Ten alleged members of a Nigerian email scam crime ring have been indicted on federal charges of swindling at least two dozen victims nationwide out of some $1.5 million, the U.S. Attorney for the Central District of California announced yesterday.
Nigerian 419 scams -- the "419" referrers to a section of the Nigerian criminal code -- are a notorious kind of advance-fee fraud where con artists posing as foreign dignitaries send spam emails to victims offering them a huge payoff in return for an upfront payment.The defendants are accused of running an advance-fee scam that targeted mostly elderly victims with false promises of millions of dollars in inheritances in return for advance fees to facilitate the transfer of the bogus bequests.
The ringleader and lead defendant in the case, Claudio Uche Dibe, is a 25-year-old Nigerian.
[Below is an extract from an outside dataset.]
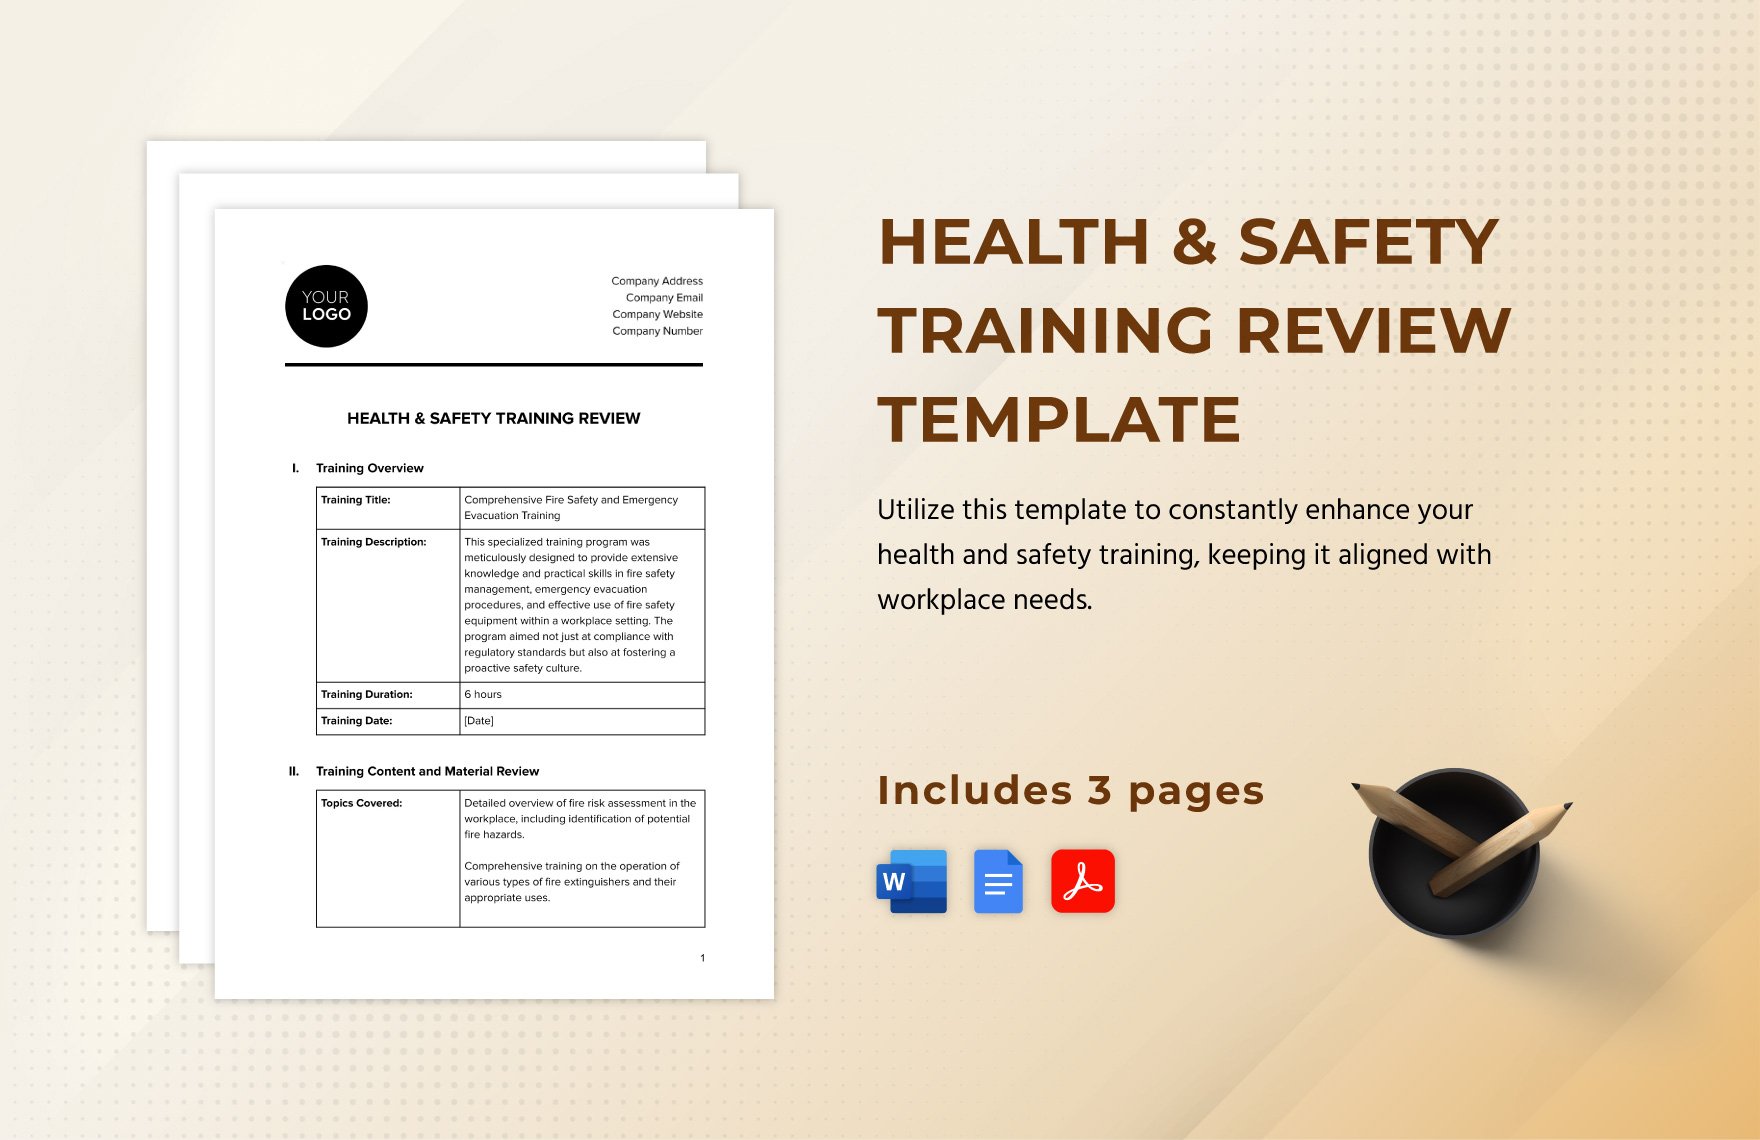 Health & Safety Training Review Template

Dibe was extradited from Canada on Feb. 4, where he fled in 2009 after learning of the federal investigation. He was ordered held without bond after pleading not guilty last month.
According to a 2009 indictment, Dibe coordinated the nationwide 419 scheme for several years, which bombarded thousands of potential victims with spam emails supposedly sent by someone with access to a multimillion dollar inheritance in Nigeria.
The emails baited recipients with the opportunity to strike it rich in return for advance payments to cover trumped-up paperwork such as "anti-terrorist certificates," "certificates of insurance" and "drug clearance certificates." In order to convince victims of their legitimacy, the senders of the emails claimed to be attorneys, bankers, diplomats and other government officials.
Dibe and his fellow con artists, the indictment alleges, ensnared their victims by asking only for small amounts of money at first. Once a consumer agreed to wire the scammers anywhere from a few hundred to a few thousand dollars, they were repeatedly asked to send increasingly larger amounts -- sometimes in the tens of thousands of dollars. The 419 scammers eventually fleeced their victims out of more than $1.5 million.
A 2010 indictment that named other members of the ring includes a number of telling emails, including one to Dibe from a member of the ring, complaining that one of their victims, "is insisting that he does not have more money, though I believe he will be able to come up with money ... I believe that ... he will pay big money, which is what we are all after."
That email was sent on January 8, 2006, and the victim, a Michigan resident known as "T.S.," had already wired the gang $1,550 via Western Union on Dec. 20, 2005. On February 9, they persuaded T.S. to wire them an additional $1,500, and the hapless victim wired them another $1,750 on February 21 as well as $1,900 on May 4.
Another email cited in the indictment refers to a victim from Wisconsin known only as J.C., who Dibe first emailed on March 14, 2006 using the alias "John Brown." A May 13 email from one of the scammers to Dibe assured the ringleader of potentially rich pickings, gloating that J.C.'s "husband is loaded, there is no doubt about that."
Unfortunately for J.C. and her husband, the scammers' confidence wasn't misplaced. On May 18, J.C, agreed to wire the gang $2,750 via Western Union. On July 18, the swindlers convinced J.C. to send $35,000 via bank transfer to "Andrews and Rogers Properties," a Washington Mutual bank account in New York opened by the gang to funnel large wire transfers.
Seven days later, J.C. was persuaded to wire an additional $24,000 to the bogus business.
Dibe and two others, Bright Amesi and Briceson Loving, were indicted by a federal grand jury in 2009, and arraigned in federal court yesterday, along with Erika Fletcher. Dibe, Amesi and Loving have all been charged with 15 counts of wire fraud, and Fletcher with 10 counts. Seven of the defendants have been arraigned and pleaded not guilty.
The charge of conspiracy to commit wire fraud and each count of wire fraud carries a maximum penalty of 20 years in federal prison.
The investigation into the 419 scam was initiated by the Treasury Inspector General for Tax Administration (TIGTA), after one of the con artists impersonated an IRS agent in order to convince a victim to pay phony taxes.